In this review, we summarize the current up-to-date literature regarding: 1) the mechanisms underlying the generation of MDVs and mitoEVs upon physiological and pathological conditions; 2) MDV-mediated organelle crosstalk and mitoEV-mediated communications between different types of cells for maintaining cellular and tissue homeostasis; and 3) pathogenic effects of mitoEVs and their therapeutic potentials in cardiovascular diseases with focusing on ischemic heart disease and ageing.

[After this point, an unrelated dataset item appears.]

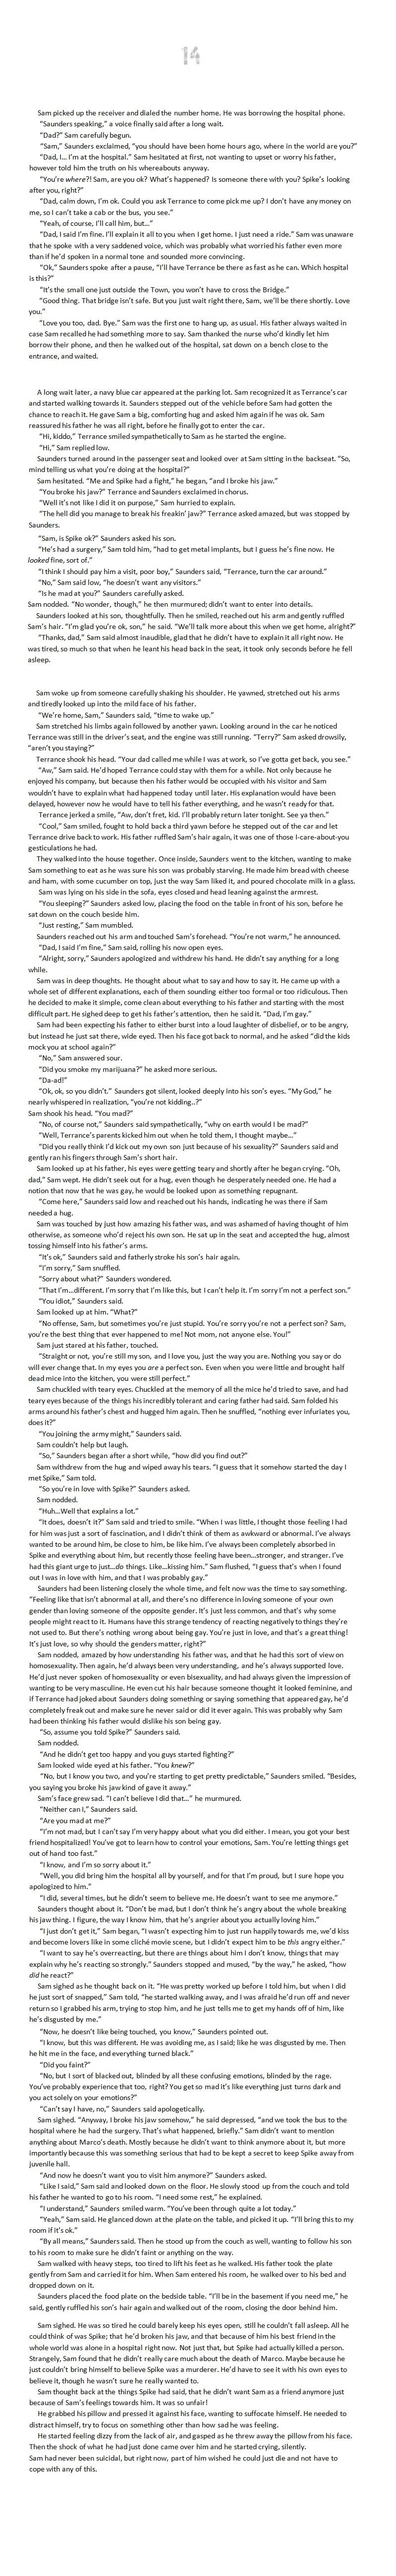 SPIKE - chapter 14 by oomizuao

Beyond their critical roles in maintaining mitochondrial health, both MDVs and mitoEVs can be detected in body fluids (i.e., blood, saliva, sweat). Importantly, recent studies have demonstrated that components loaded in MDVs and mitoEVs are highly selective and specific which are linked to both physiological and pathological conditions. Herein, their presence in body fluids may have potential application as biomarkers for the diagnosis of diseases like cancer, cardiovascular and neurodegenerative disorders. Future investigations should aim to dissect the molecular mechanisms governing MDV/mitoEV formation, MDV/mitoEV cargo selective loading, alongside establishing standardized isolation and characterization protocols. Integration of single-vesicle imaging, multi-omics profiling, and targeted delivery approaches will accelerate translation of these vesicular systems as both diagnostic biomarkers and mitochondria-based therapeutics. Ultimately, better understanding of the MDV-mitoEV axis may open new horizons for precision interventions aimed at preserving mitochondrial health and restoring cardiac energetics.